This work is a meditation on death as an ephemeral and transfigurative moment. After losing my mother a year ago, I experienced a shift in a fundamental body frequency to respond and process loss. 

This piece is demarcated into 4 states of loss as we are drawn out across them to imagine this both from the one dying and to the one who mourns. As we transfigure, we trans, “move across,” figure “form, shape, a figure of speech”.

I am therefore playing in-between these states, to explore dissonance that arises from this process through memory and reflecting on how we respond somatically as our internal landscapes change.

What arises are questions of transitory space, as you move from state to another, as you are transposed, what is left: a memory? a voice? or a frequency?

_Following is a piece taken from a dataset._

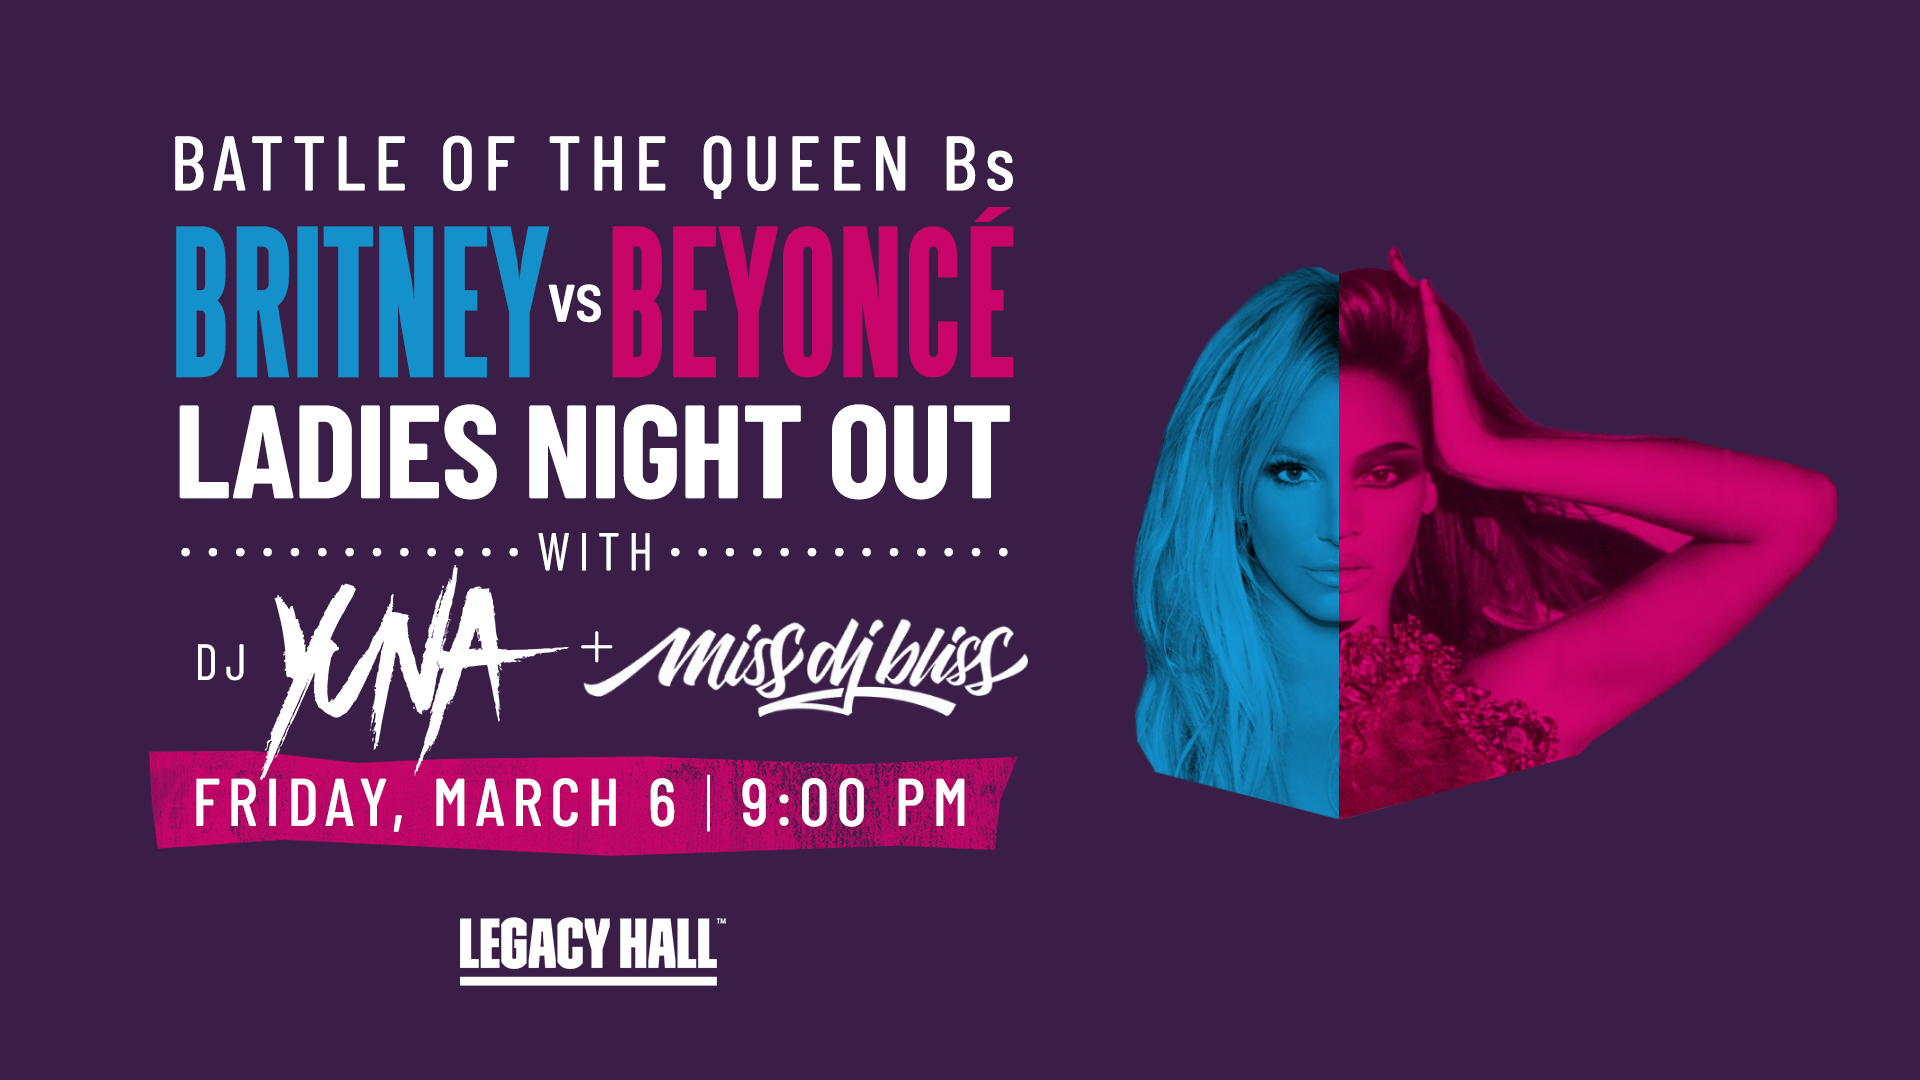 Britney vs. Beyonce Ladies Night Out - hero

Eitan Ritz is an artist, dancer and composer exploring bodies and space as sites of congealment. His interests centre around how we foment a sense of home through daily circadian rhythms. He sees the body as the site of these processes and looks to explore its potential for proprioception. This interest is in part indebted to growing up in a Jewish household where diasporic thinking has played a crucial role in how Ritz relates to space. His family constantly had to re-create a sense of home since fleeing Europe and adapting to life in various cultures, until finally settling in Australia.

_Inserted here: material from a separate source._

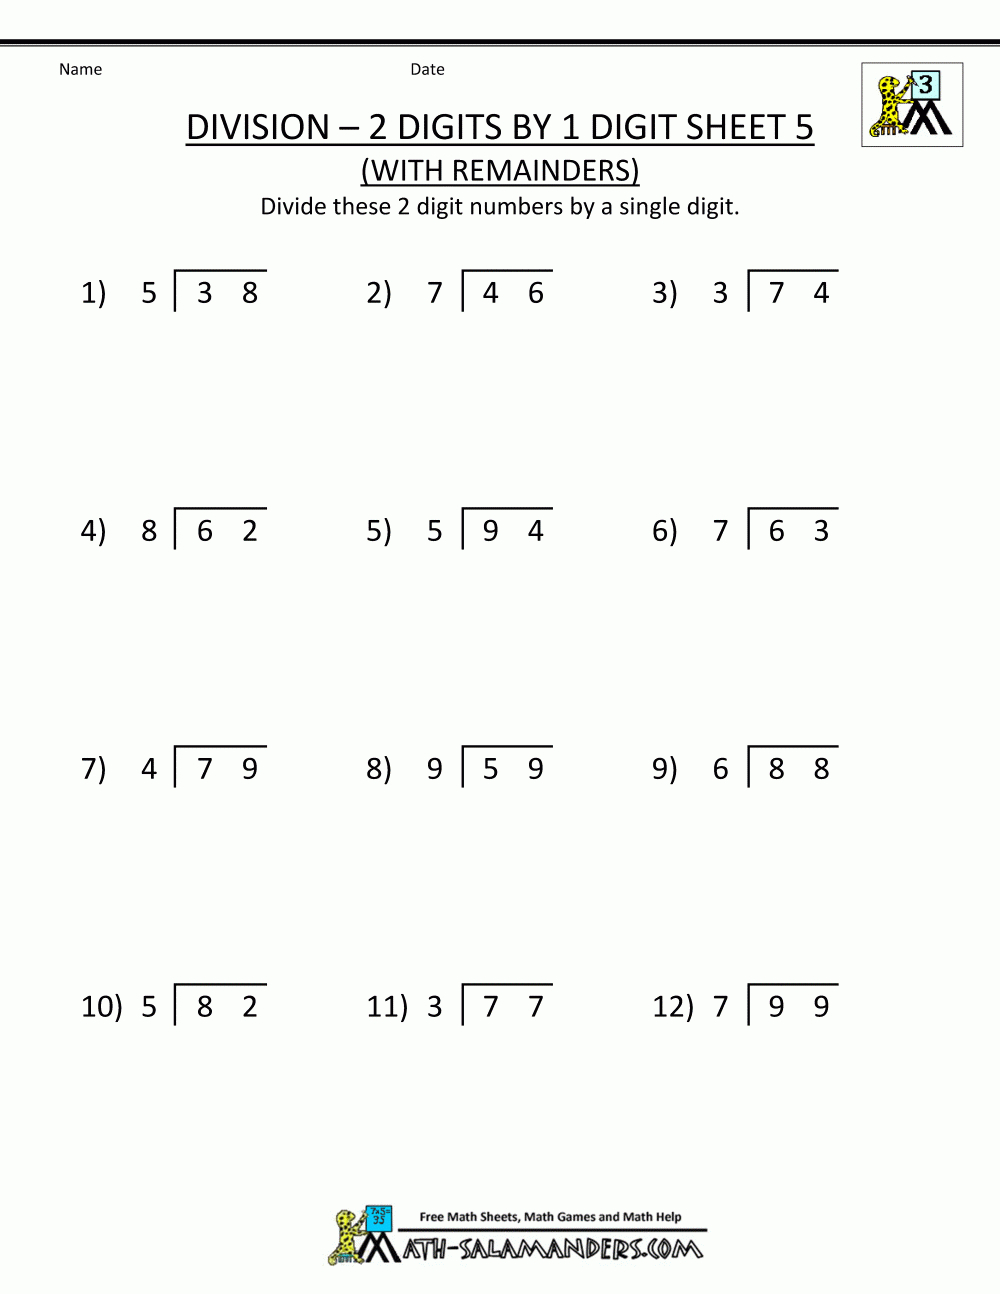 Division Worksheets For 3Rd Grade 2 Digits1 Digit 5. | Math - Free Printable Division Worksheets For 5Th Grade

Ritz completed his Bachelor’s in Fine Arts (Visual Arts) at the Victorian College of the Arts in 2014, where he first began to consider the body and the everyday as sites of exploration and creation. This led him to spend 2016 studying the dance compositions of Noa Eshkol through the Eshkol-Wachmann (EW) Movement Notation in Israel. There, Ritz gained an introspection into the moving body and developed a fascination with the role of language within. This interest convinced him to study a Master’s in Applied Linguistics in 2018, through which he could re-contextualise dance and sound from the lens of language.

Throughout his time with GlogauAIR, Ritz has worked to draw out all these threads: the body, language and sound — to explore what locates and dis-locates his sense of home. He has been excited by how our sounds and gestures are a subconscious embodiment of space which situates us in both abstract space and a historically contingent landscape.